Au même moment, les représentations de la Commission dans chaque État membre sont en train de mettre en place des mandataires du Semestre européen afin de faciliter la communication et l’engagement entre Bruxelles et les capitales européennes.

Tweet du Groupe PPE : @JunckerEU #SemestreEuropéen – nous avons accéléré le processus, les recommandations individuelles seront présentées en février. Les États membres ont assez de temps

Dans une résolution sur l’emploi et les aspects sociaux du semestre européen, rédigé par Sergio Gutiérrez Prieto (S&D), pour la commission de l’emploi et des affaires sociales, les eurodéputés ont également appelé à plus de flexibilités dans la concrétisation des réformes pour les États membres dans une situation financière délicate, afin d’assurer que les mesures de stabilité sont compatibles avec la croissance, la création d’emploi et l’État providence.

Réactions

« Le semestre européen est un moyen d'obliger les États à adopter une série de mesures qui renforcent le modèle néolibéral », estime Miguel Viegas, rapporteur fictif du groupe GUE/GVN sur l'examen annuel de la croissance de 2015. « Comme nous nous y attendions, l'essence de l'examen annuel de la croissance pour 2015 ne diffère pas de cette des années précédentes, il continue de défendre l'austérité et les réformes structurelles, en particulier en ce qui concerne le marché du travail et la privatisation des services de santé et des entreprises publiques. C'est tout à fait inacceptable parce que cela empêche les pays d'intervenir par des politiques de redistribution afin d'aider les citoyens dans le besoin et d'éviter une diminution de la consommation. Ce rapport ne remet absolument pas en question l'approche générale actuelle des décisions politiques économiques.
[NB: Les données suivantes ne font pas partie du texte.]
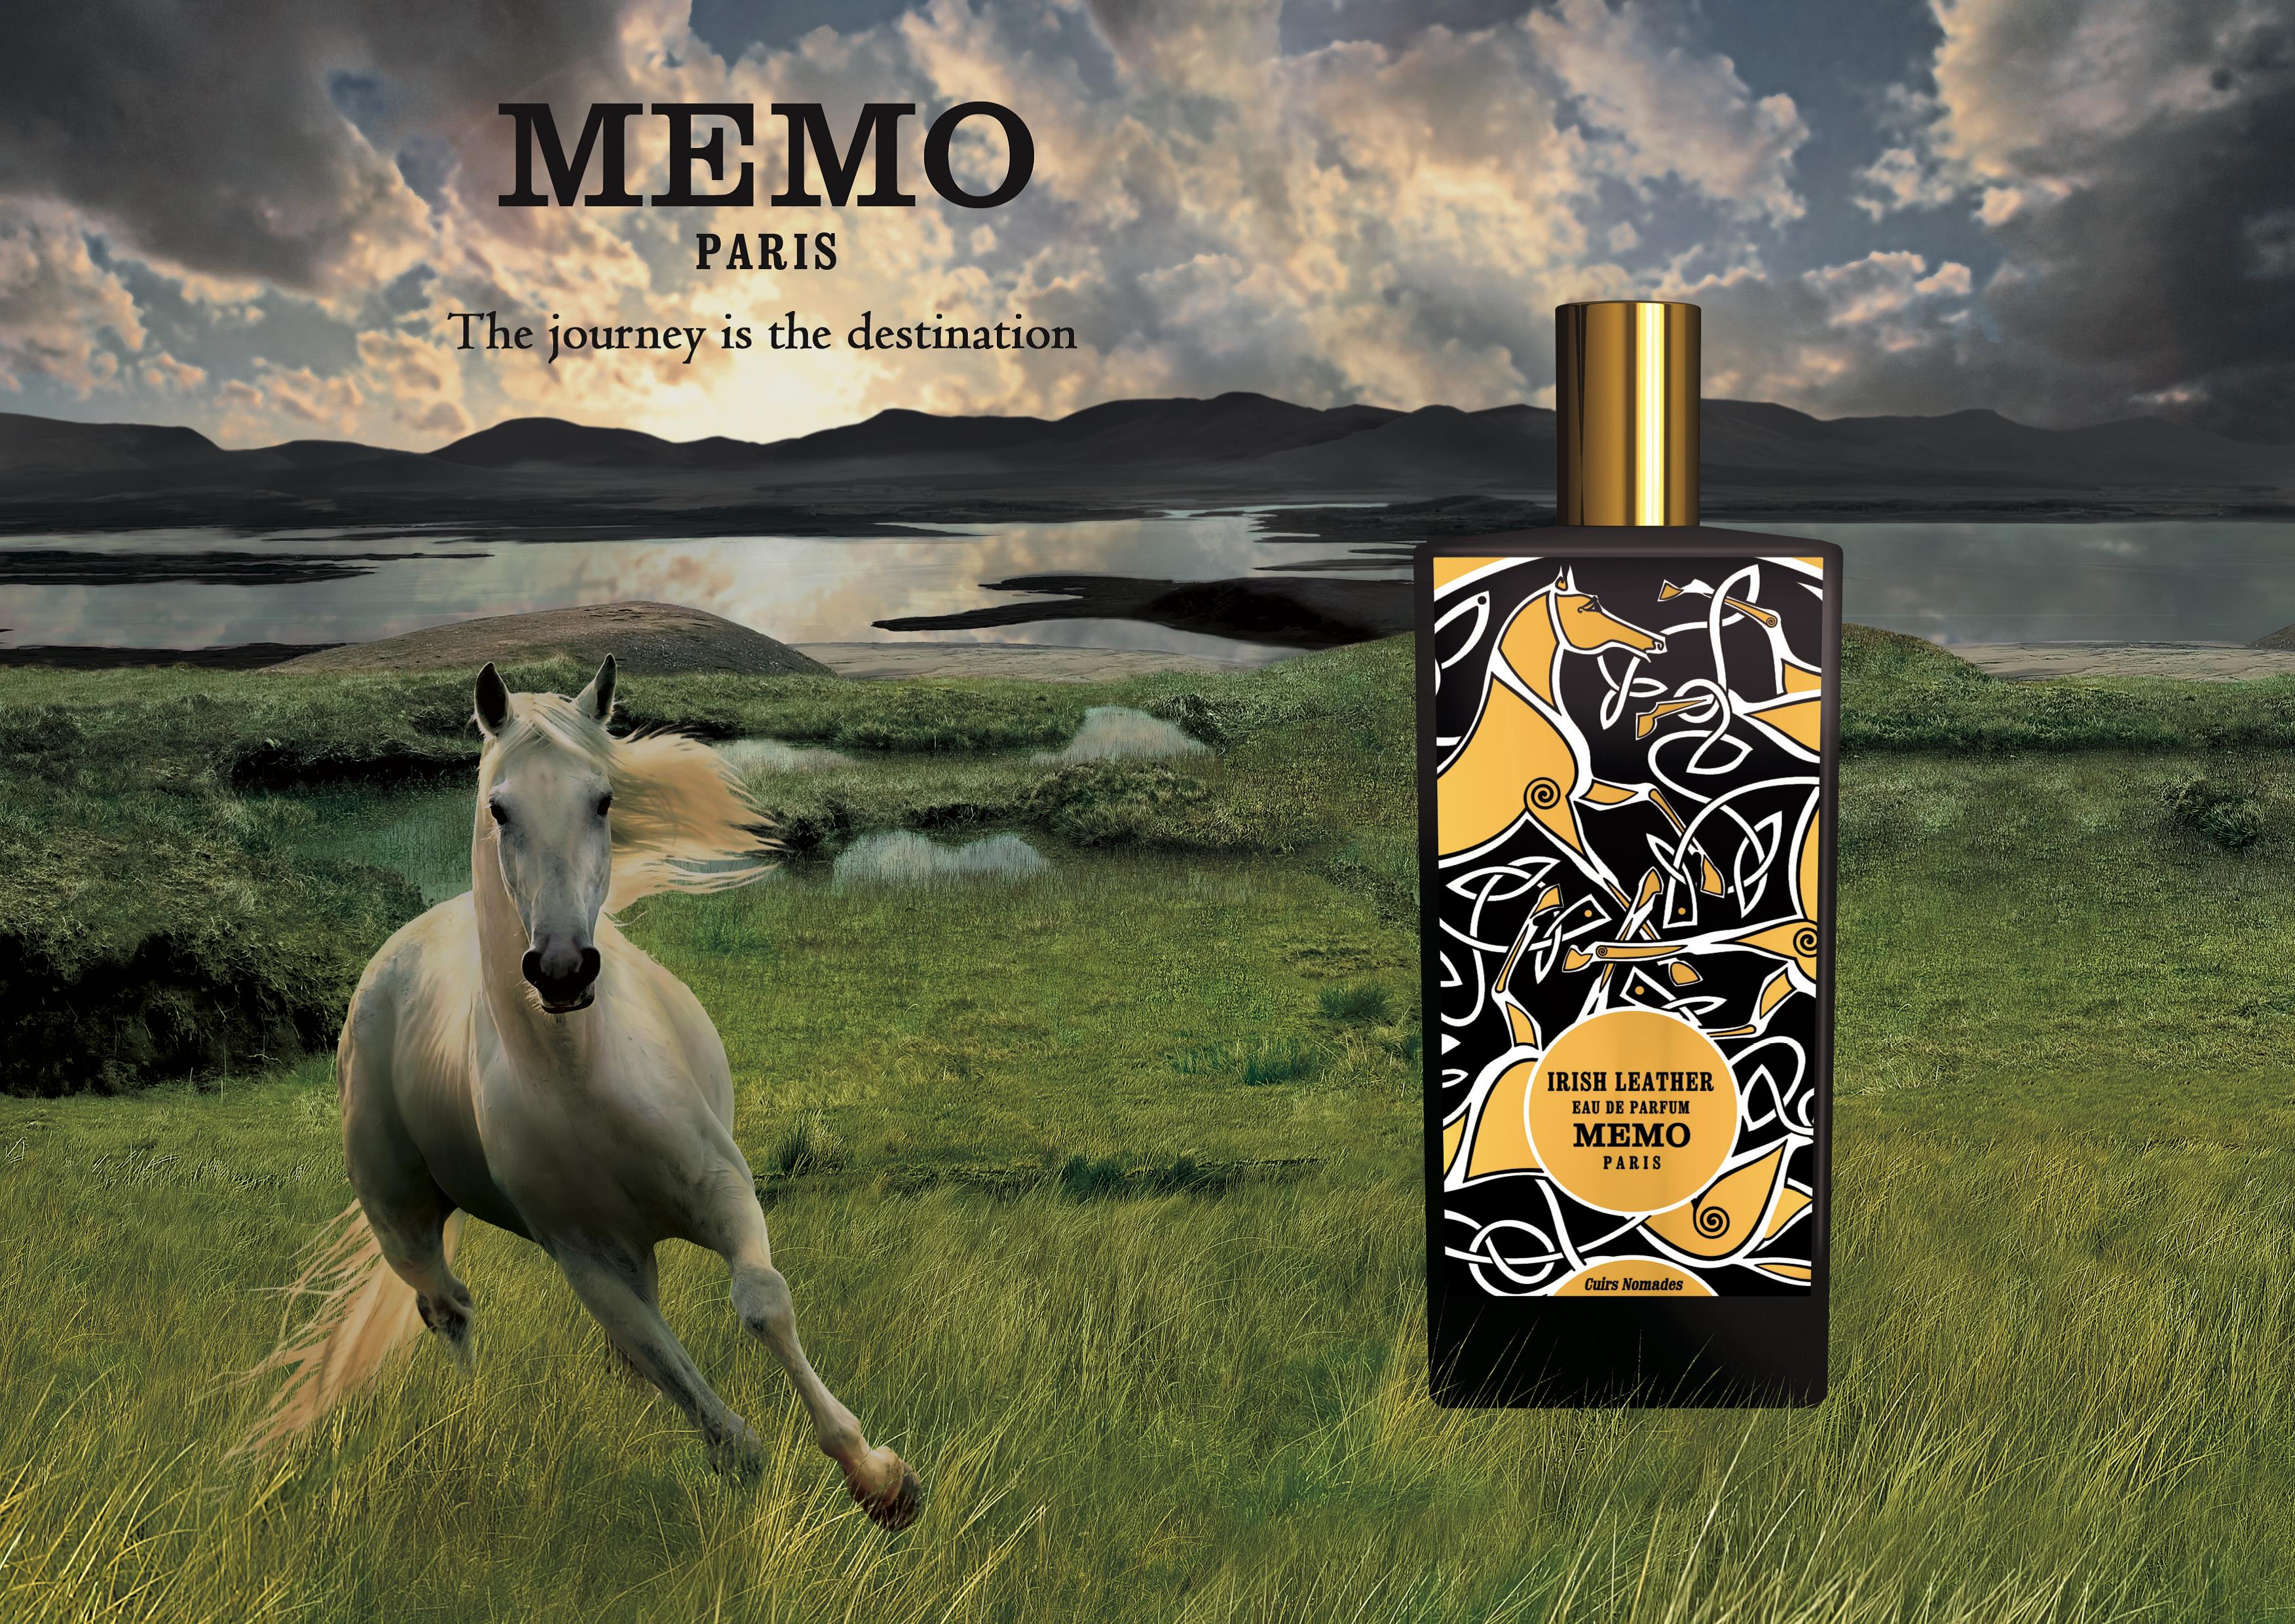 Irish Leather Memo Paris for women and men horse nature Irish commercial poster at doğa.jpg
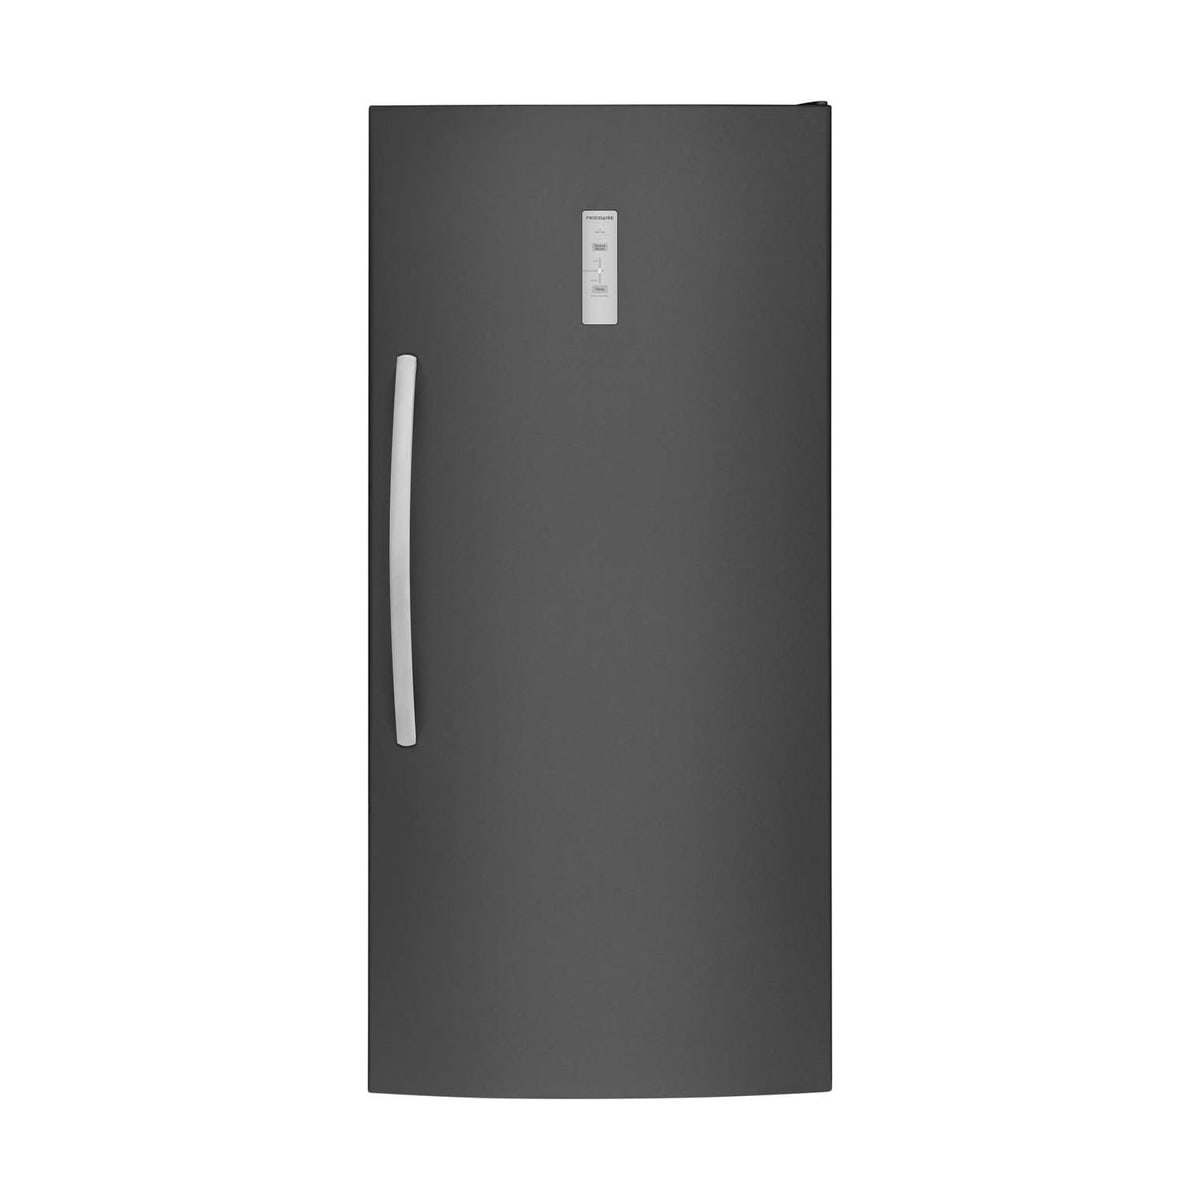 Frigidaire 20 cu.ft. Upright Freezer with LED Lighting FFUE2024AW

Selon l'eurodéputée GUE/GVN Marisa Matias, « le semestre européen est le pire exemple d'intégration négative qui existe au niveau européen ». « La Commission européenne confisque encore plus de pouvoirs des États membres en leur envoyant des recommandations des réformes structurelles. Les indicateurs sur lesquels sont basées les recommandations sont l'un des aspects particulièrement problématiques du semestre européen : il n'y a pas d'indicateur social. Non seulement le semestre européen prive les États membres de certains pouvoirs de décision, mais il impose aussi des sanctions s’ils ne remplissent pas les critères », critique l'eurodéputée.

Contexte

Tous les États membres sont engagés à concrétiser les objectifs « Europe 2020 » de réforme économique et les ont traduits en mesures nationales concrètes. Ces mesures ne pourront cependant avoir l'effet désiré en termes de croissance que si les efforts nationaux sont coordonnés et concentrés.

La Commission européenne a donc mis en place un cycle annuel de coordination des politiques économiques dénommé le semestre européen.

Chaque année, la Commission réalise une analyse détaillée des projets de budget et des programmes de réformes économiques et structurelles des États membres de l'Union européenne et leur adresse des recommandations pour les 12 à 18 mois suivants. Le semestre européen commence quand la Commission adopte son examen annuel de la croissance, généralement à la fin de l'année.